Technology Compensation: Looking Beyond Base Pay
Technology drives every facet of today’s world – from simple everyday tasks to complex business processes. The result has created an often complex recruitment process for today’s leading staffing companies.
The fierce competition for tech skills is projected to grow 12 percent from 2014 to 2024, according to the Bureau of Labor Statistics, creating a ravenous demand that has escalated IT salary trends. But as the staffing experts below make clear, a competitive starting salary is often just the first step in successfully signing top IT talent.
Jennifer Bensusen, senior recruiter and technology lead at Decision Toolbox
“Before the hire, understand what the market dictates. Base is pretty important to people, and then depending on location, they’ll be interested in equity stakes if that’s available, especially in a startup mode or small company.”
“It’s always great if you have transparency with compensation, so when you do attract new talent, everyone knows what everyone else is paying.”
“You need to look at performance bonuses -- people are attracted to that. And it’s always helpful to offer someone a little more than they were asking -- that gets the candidate excited and ensures that they won’t entertain other offers.”

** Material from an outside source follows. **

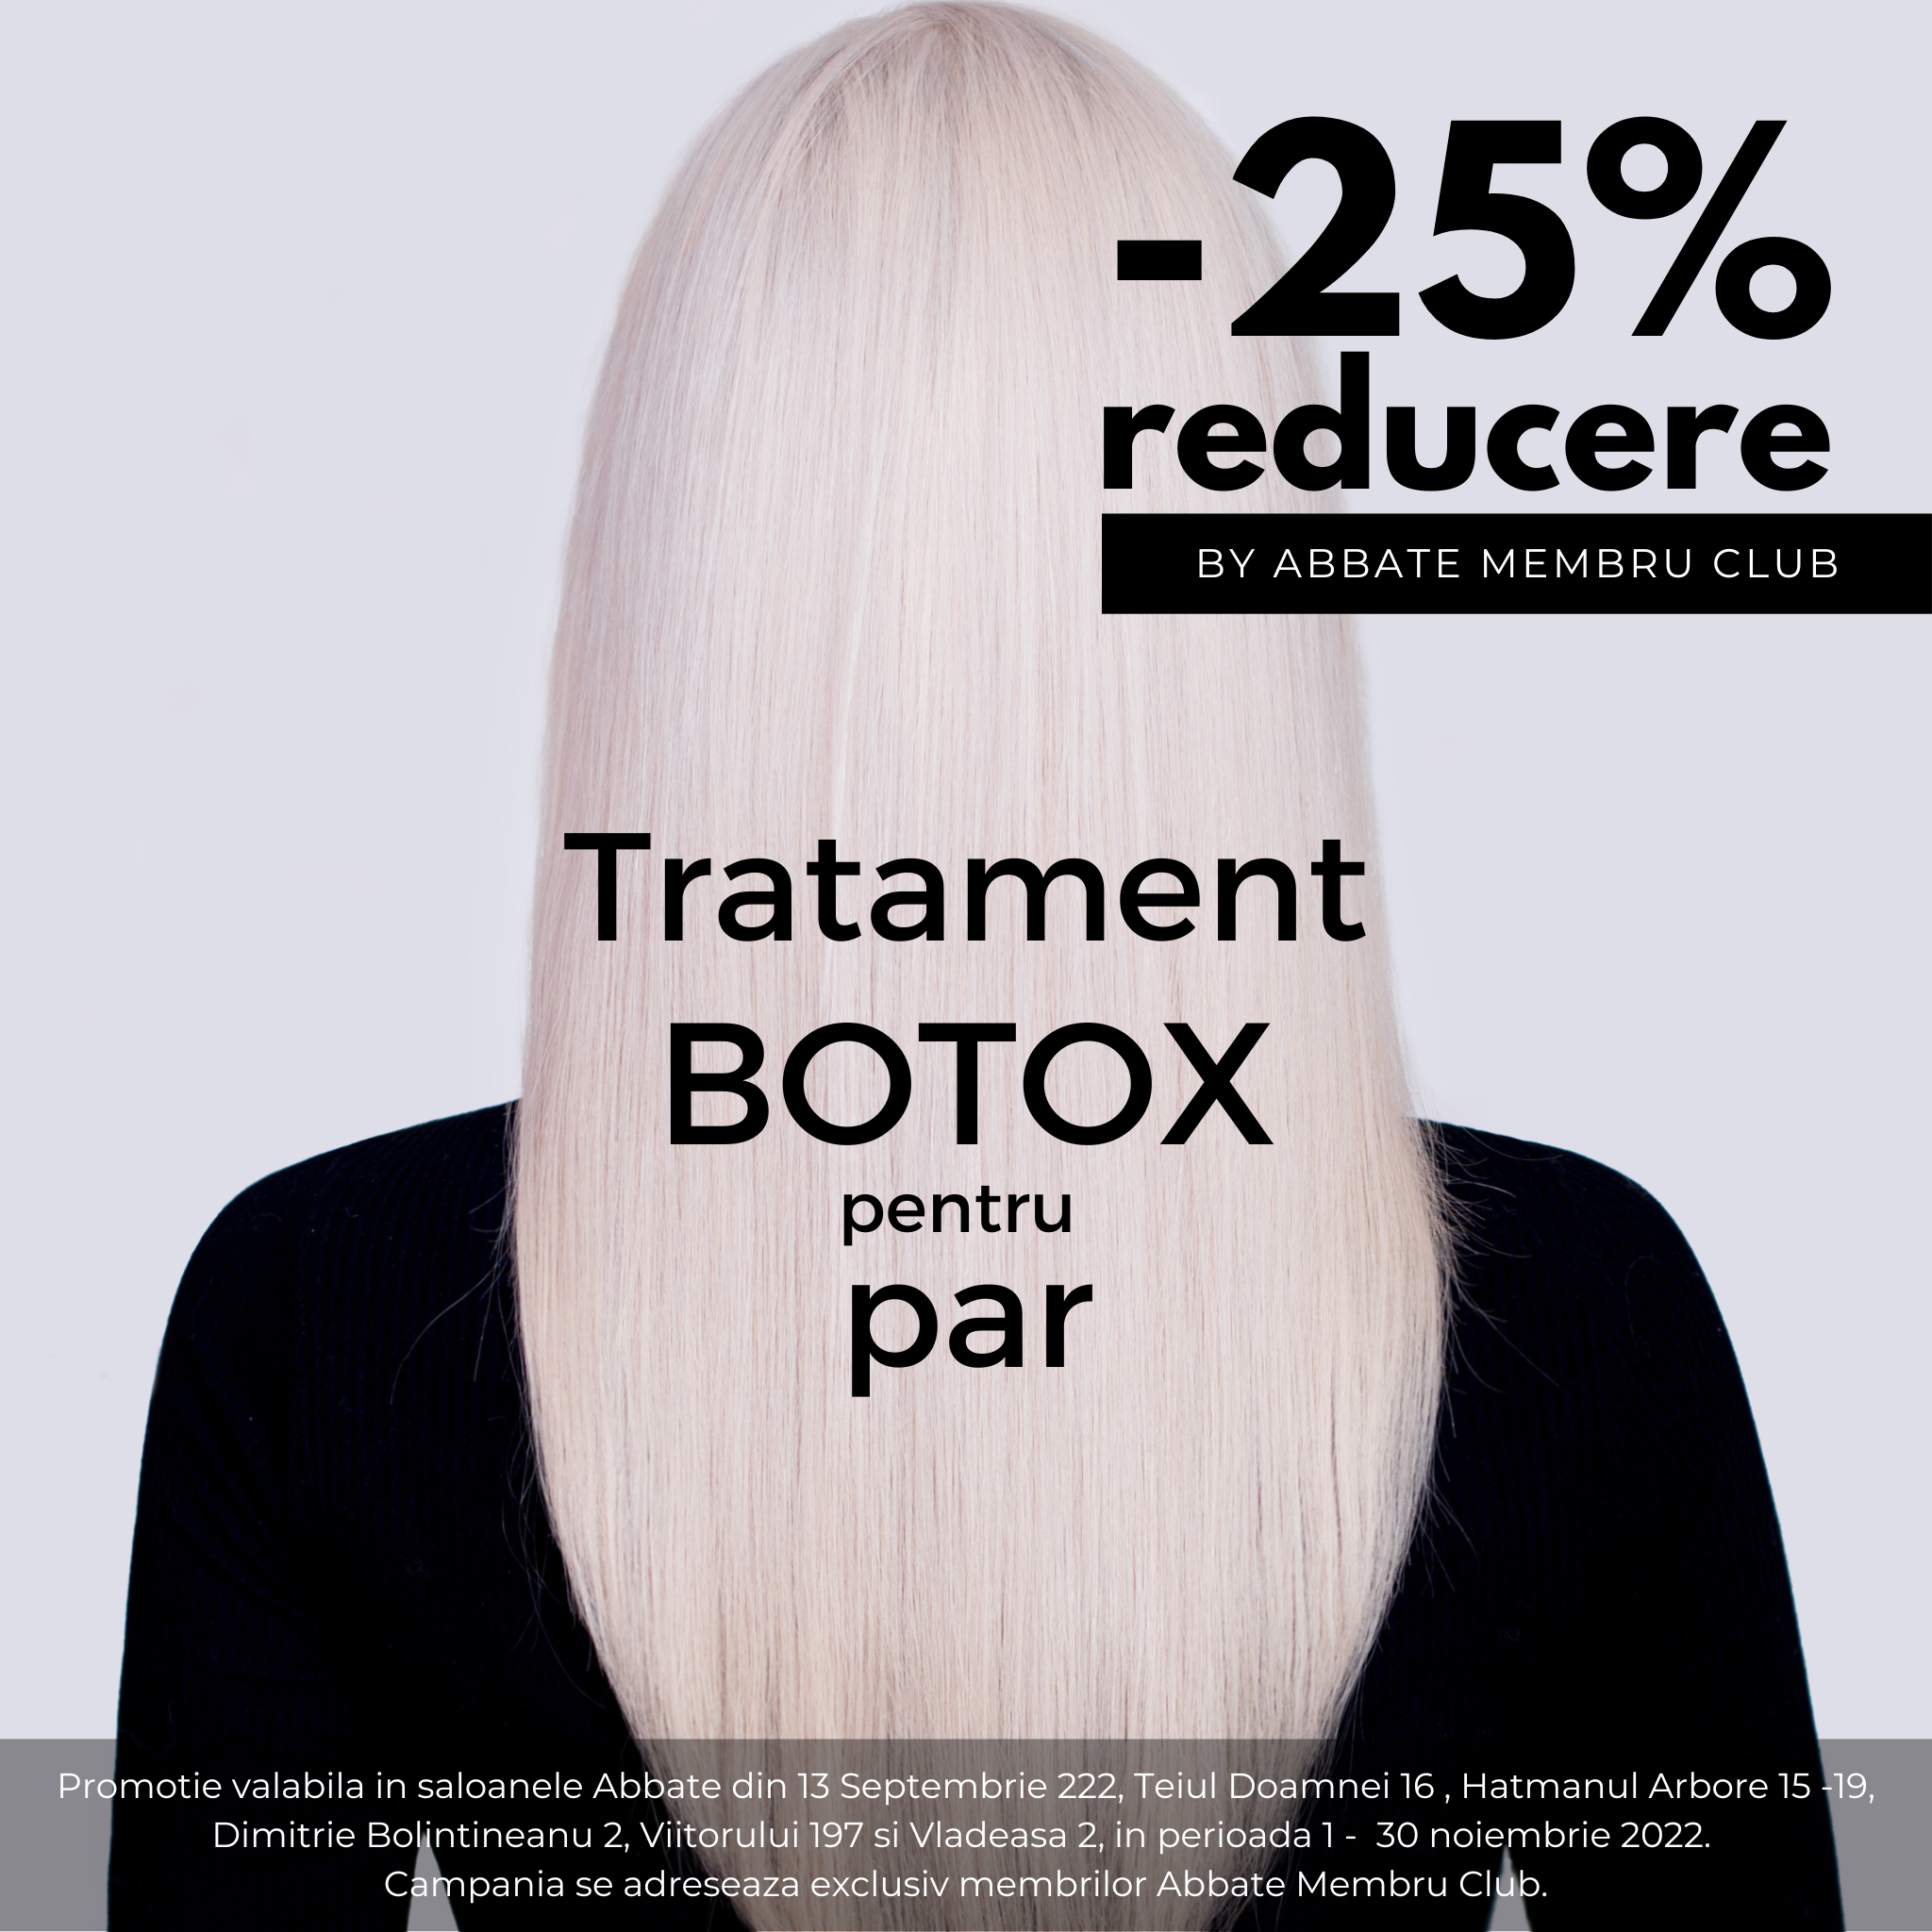 Oferta tratament regenerare par Botox Hair - Abbate.ro

“Sign on bonuses are great, especially when you can’t be as effective with equity. You can add retention to it, such as a percentage up front, and then if the person stays on for six or 12 months, they get another piece of it; or you can attach it to project incentives.”
Somer Conley, senior consultant, tech practice, Marlin Hawk
“When recruiting top executive talent from technology-driven organizations, candidates are highly-compensated -- not only in base and bonus but also with long-term incentives."
"Many hiring organizations have found creative ways to cover candidates’ unvested equity and options (the amount they would be leaving on the table if they were to exit their current role.) Many organizations transfer a large portion of this “buyout” into their own restricted stock options with a similar vesting schedule, and cover the rest with an additional sign-on bonus.”
Matthew J. Toeller, VP Total Rewards & HR Operations, GoDaddy
“As in most public companies, we have a very attractive equity plan for new hires and existing employees. We look at our employee population to ensure the velocity of promotion and advancement is appropriate for the employee growth and organizational needs.”
“Total rewards are more than just a salary number. Other qualities such as company culture as well as an opportunity to advance make a significant impact. While salary isn’t the top priority for many applicants, employers definitely need to know the math in specific markets to ensure their packages match or go above the going rate in the region. We continue to benchmark our Total Rewards package on a frequent basis. This allows us to be nimble when market conditions change, not only with base salary and bonus equity, but also with workplace updates.”
“When it comes to must-haves, it comes down to a cultural fit for both the candidate and GoDaddy. We look beyond just base pay, as we tend to be one of the top-tier payer in the markets we operate in; we look for the candidates who can fit into our culture and have the drive to be extraordinary.”
Peter Gault, president of Gault Staffing Inc.
“As a direct-hire firm, we're seeing more tech companies offer strong initial starting wages and salaries. We're also seeing creative compensation being delivered through quality-of-life benefits such as more initial time off and flex hours.”
“Hire-on bonuses are making a return to attract top talent. A few long-term incentives we've seen include five-figure year-end, 3-year, and 5-year bonuses; partnership or even patent ownership opportunities. “Long-term” has lost the meaning of 10 or more years it once had. With things advancing so quickly, 5 years is now a lifetime in the tech world.”
John Reed, senior executive director for Robert Half Technology
“You’ve got to do your homework. Do your research and understand the companies you’re competing with -- what they’re offering, what perks are out there. Evaluate what you’re paying existing staff. One mistake we’ve seen is managers putting together a really competitive offer that they don’t even pay their current employees. There will be a lack of loyalty or appreciation.”
“Cash compensation is important. We’ve done hundreds and hundreds of surveys over the years with candidates and cash compensation is always the number one motivator. But don’t just focus on the cash; it’s also about the flexibility. I talked to a candidate today who took a pay cut to have the ability to work at home with his wife and new baby.”
“Salary is what people look at to get their market value. It’s almost mandatory to have some sort of bonus potential, whether it’s a team or company bonus. Not a lot of companies don’t offer that.”